В лодку, где уже сидели Ганнон, Мидаклит, Малх и Мастарна, спустился Бокх. Льва ему пришлось оставить на палубе, но перед тем как покинуть корабль, он подошел к клетке и ласково провел ладонью по лбу Гуды.
Мастарна стоял на носу. Малх правил на черный блестящий камень с раздвоенной вершиной. У камня клокотали волны. Обойдя его, лодка вошла в небольшую бухточку и уткнулась носом в берег. Он был низкий, песчаный, поросший густым кустарником, постепенно переходившим в лес. Поодаль виднелась небольшая поляна.
Вытащив лодку на песок, карфагеняне принялись выгружать товары.
– Несите их туда! – Бокх указал рукой на поляну.
– Зачем? – удивился Ганнон. – Ведь обычно торгуют на берегу.
– Здесь не Карфаген, – коротко отвечал маврузий.
Последовав совету Бокха, карфагеняне отнесли товары на поляну. Это была обычная поляна, покрытая пожелтевшей травой.
– Ну что ж, – сказал Ганнон, окидывая взглядом своих спутников и товары, – все готово для торговли. Недостает лишь малого – покупателей!
Карфагеняне рассмеялись.
– Они придут! – уверенно сказал Бокх. – Только надо возвратиться к лодкам.
– Зачем же мы несли товары сюда? – недоумевал Малх. – Может быть, ты хочешь сказать, что надо оставить товары здесь, а самим идти к берегу?
Маврузий кивнул головой.
– Удивительная страна! – воскликнул грек. – Бросить товары без присмотра? Попробуй это сделать в Карфагене или в моем родном Милете – разоришься в первый же день!

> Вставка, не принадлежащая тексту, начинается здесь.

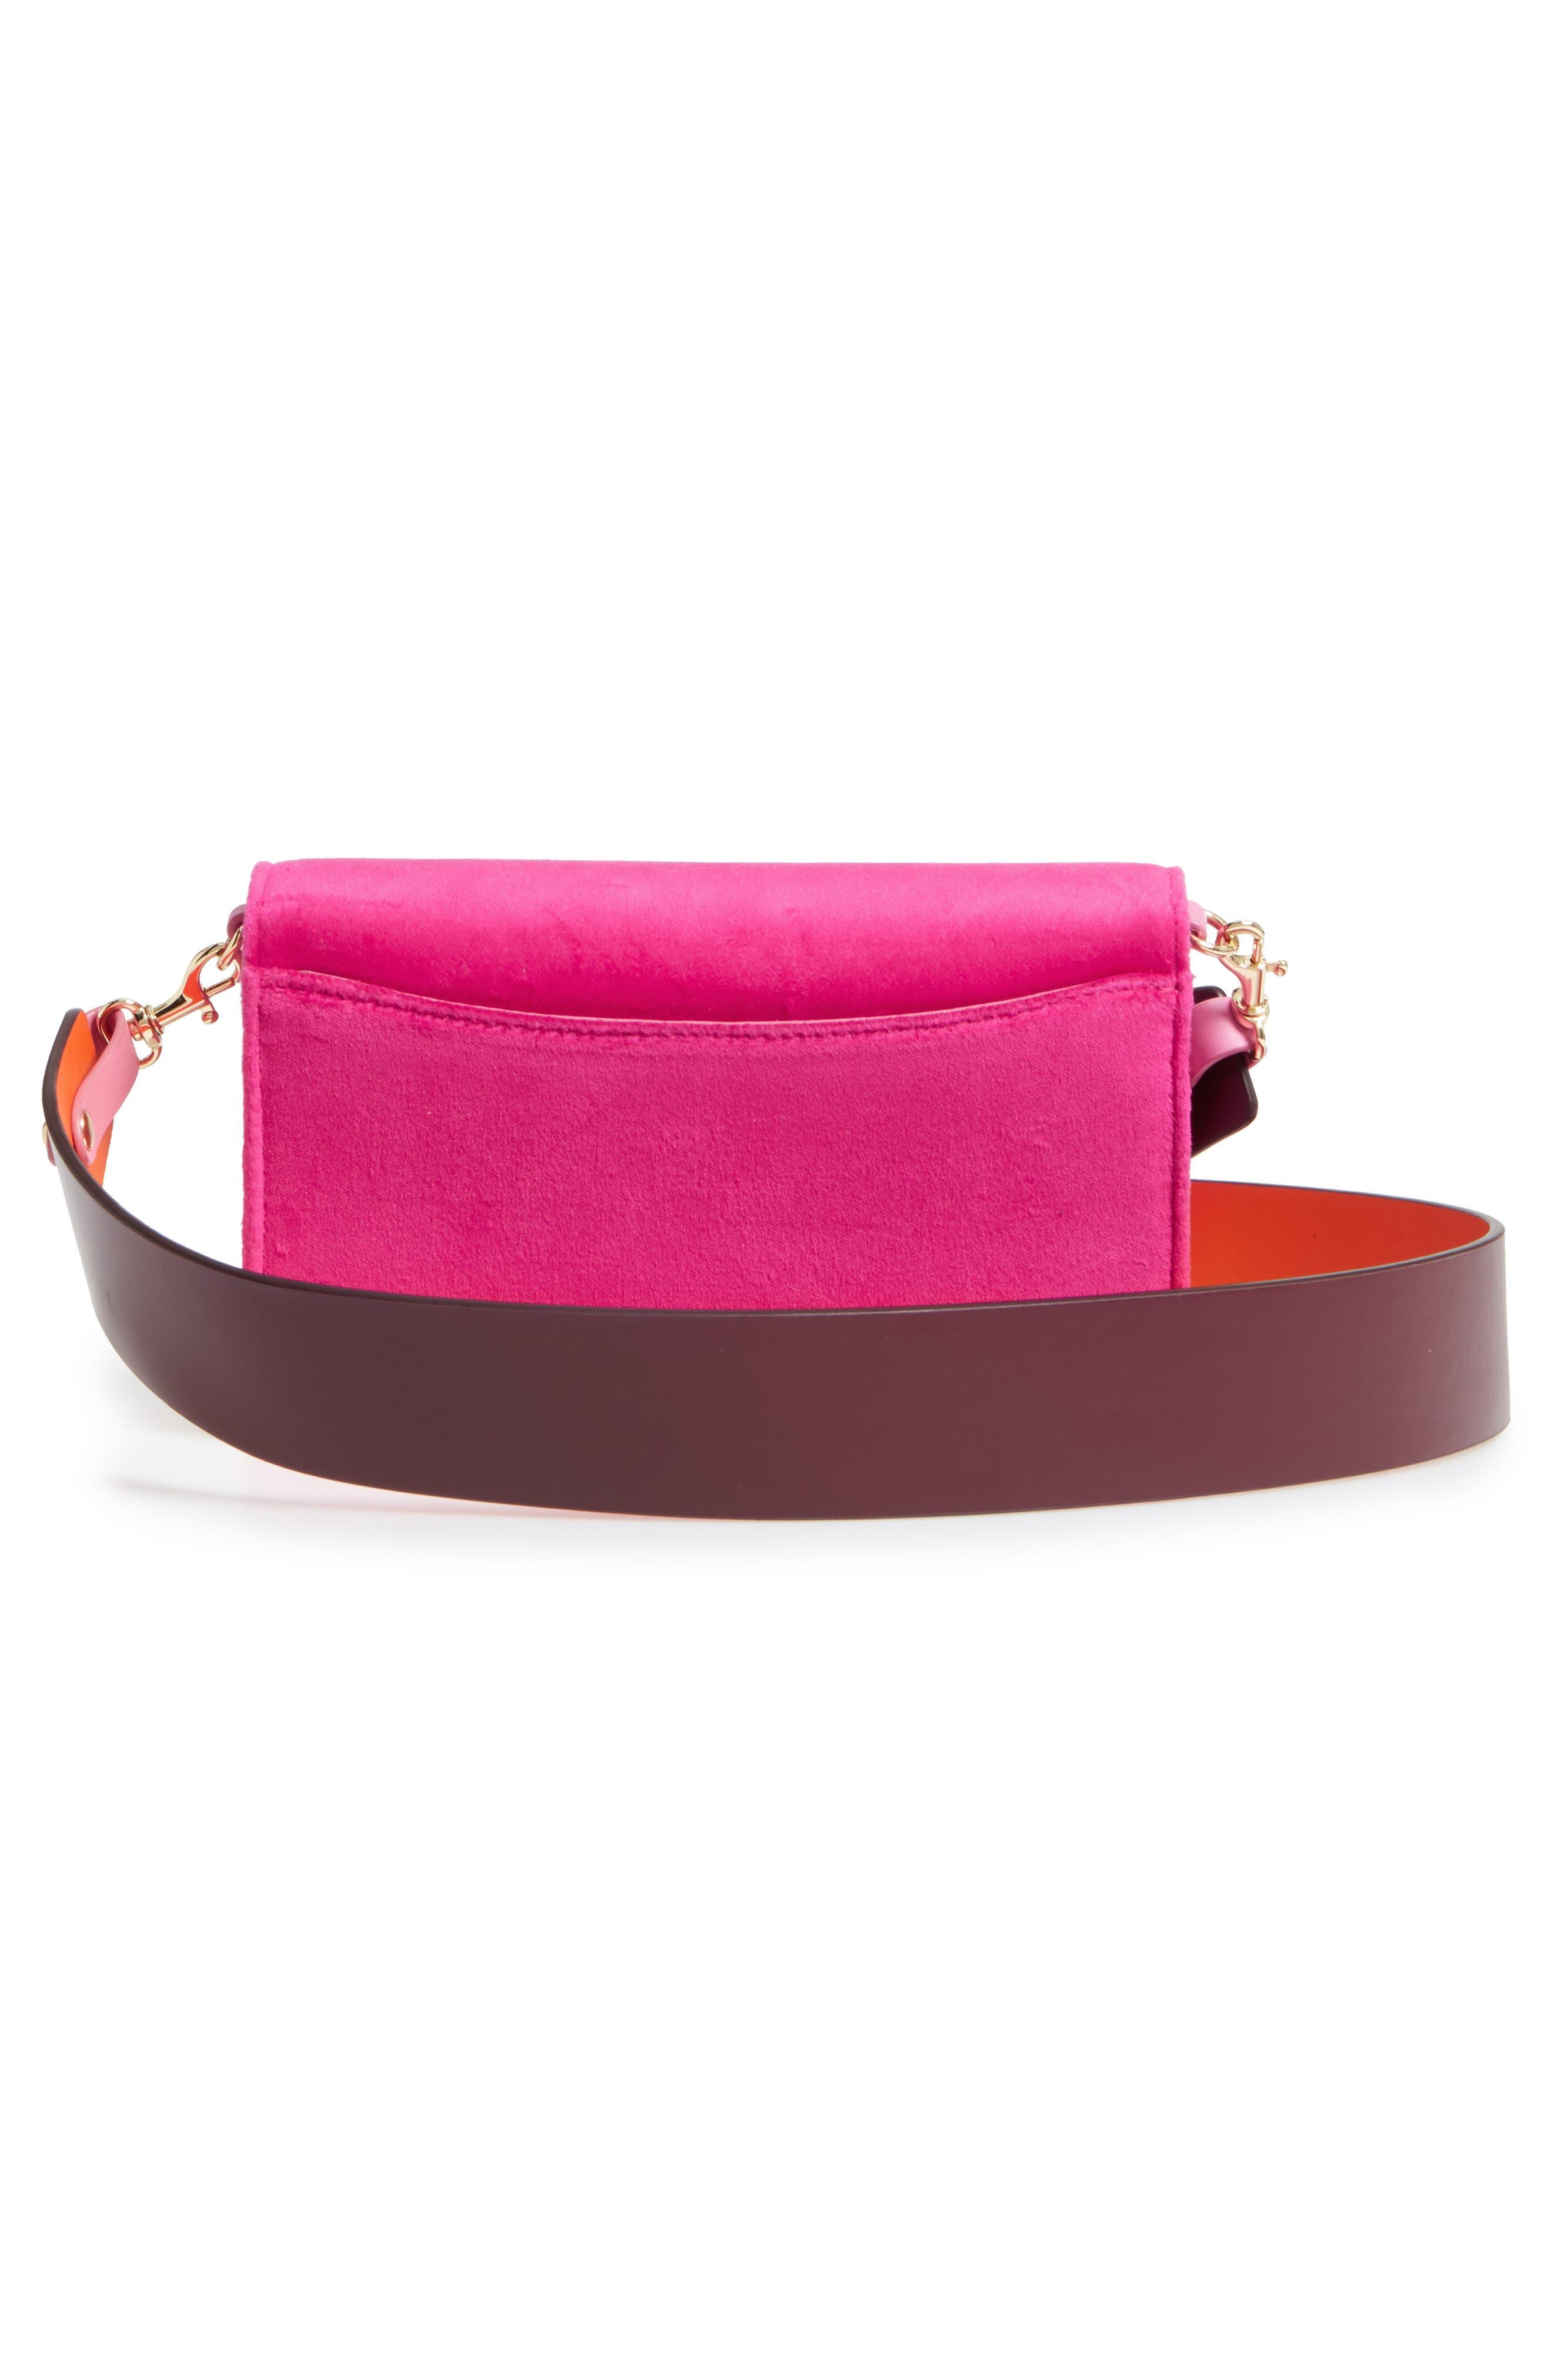 Soirée Velvet Convertible Crossbody Bag,                             Alternate thumbnail 3, color,                             Pink Azalea

– Они, наверное, заберут наши товары и оставят взамен золото, – предположил Ганнон.
– Оставят тебе щепотку, – ворчал Малх, – будешь и этому рад.

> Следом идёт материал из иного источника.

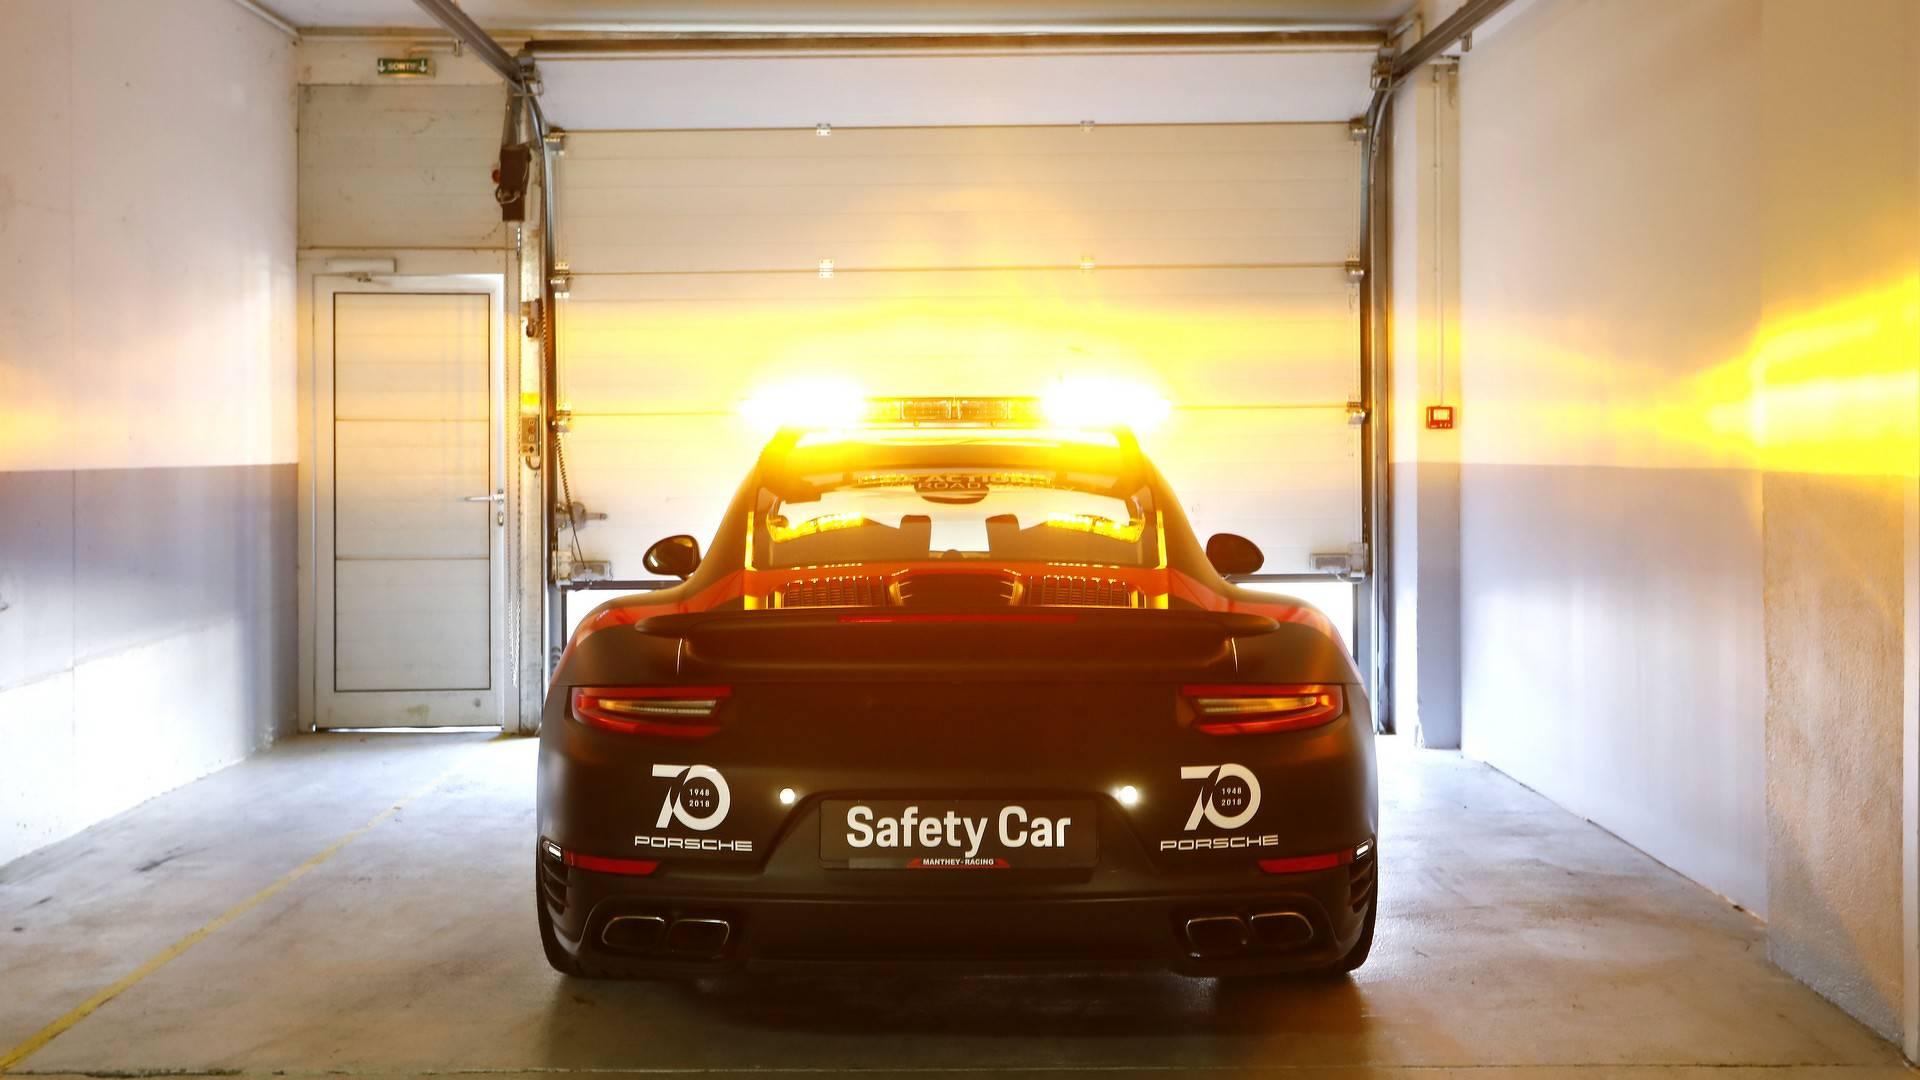 Porsche 911 World Endurance Championship Safety Car

Пока карфагеняне разговаривали, Бокх собирал на берегу сухие сучья. Сложив их, он вытащил захваченный им на корабле трут. Вспыхнул огонь. Ветер дул с моря, и дым потянуло в сторону суши.
Ганнон оглянулся. Ему показалось, что на поляне мелькнула черная фигурка. Потом она исчезла, словно провалившись под землю. И вскоре в кустах за поляной задымил костер.
– Что это значит? – удивился Малх.
– Это значит, что можно идти, – пояснил маврузий.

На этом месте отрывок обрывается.